For her wallpiece “Crystal Clear Landscape” Ragna uses crystal, which she received from a Chinese crystal factory. It is less clear than the crystal most sought-after for decorative objects, but this raw material more resembles ice, a feeling of cold air. Crystal is as well a natural material: sand, silica, and metal transformed at high temperature just as the glass material obsidian. Ragna had long been searching for such a material and found it in Xiamen, China where she worked in an artist residency in 2004. The Chinese crystal is in fact leftovers from a crystal factory. Ragna´s choice of this industrial material indirectly refers to works of American Minimalists, such as Donald Judd, who used materials and methods of industrial production.
Ragna´s floor sculptures are from basalt lava which has been cut for her into cubes of different sizes. She has used cut lava before in her works but not in as large dimensions as now. The Lava is cut into perfect cubes, which can be understood as total opposites to natural forms, although the cube form can be seen naturally in several stones high in metal. In these works, Ragna explores the inner landscapes of the stones and how they break in various ways depending on their inner composing. In these works the lava is in fact dissected, an autopsy is made, and its interior is inspected.

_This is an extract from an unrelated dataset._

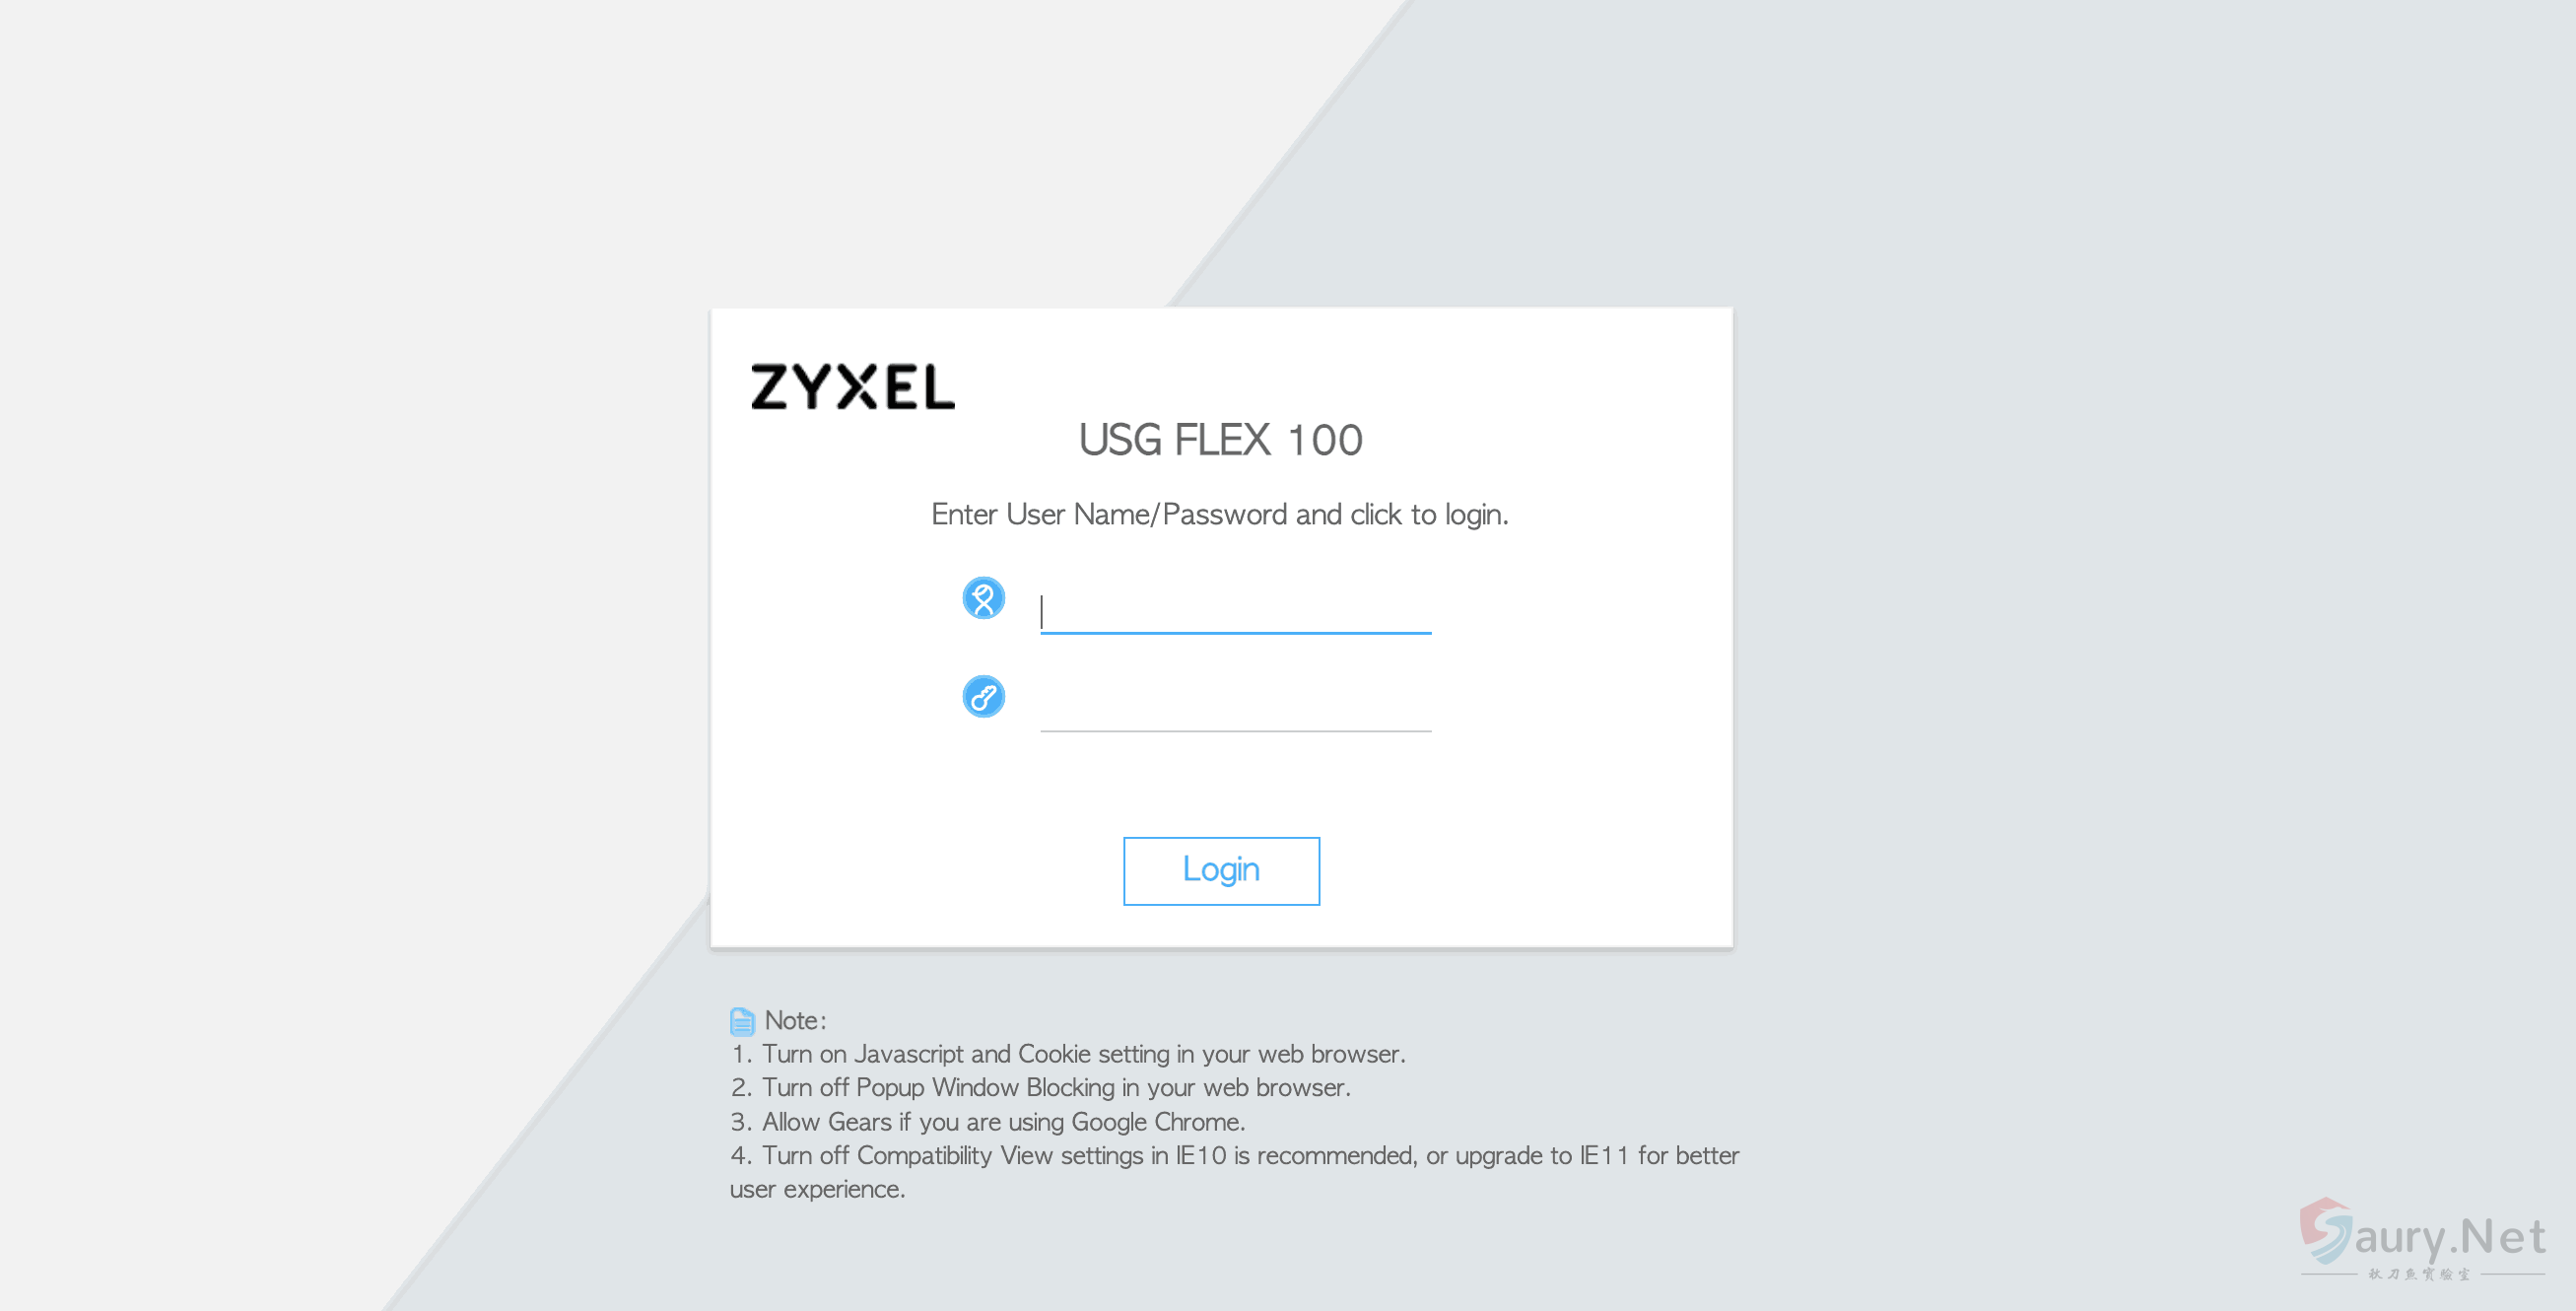 Zyxel USG FLEX handler 远程命令执行漏洞 #CVE-2022-30525-秋刀鱼实验室

Leaning against the walls are plates from silver, which are made for Ragna and polished to great shine. She then brings the shining plates into the exhibition space, some recently polished, others slightly oxidized. Time and the environment constantly change the work. The more time that the silver is exposed to oxygen, the thicker the cloudy layer on its surface becomes. Next to the silver plates there is a date, the date of the day it starts to oxidize. Each silver plate is like a Time-landscape. As with strata of earth, the viewer reads into the date and cloudy layer, which is testament to the effect that Time has on this material. Artist Ragna Róbertsdóttir leaves it up to the environment to transform the material and lets the outcome surprise herself, similarly to when she looks for material, which the fiercely powered nature has transformed into unforeseen forms.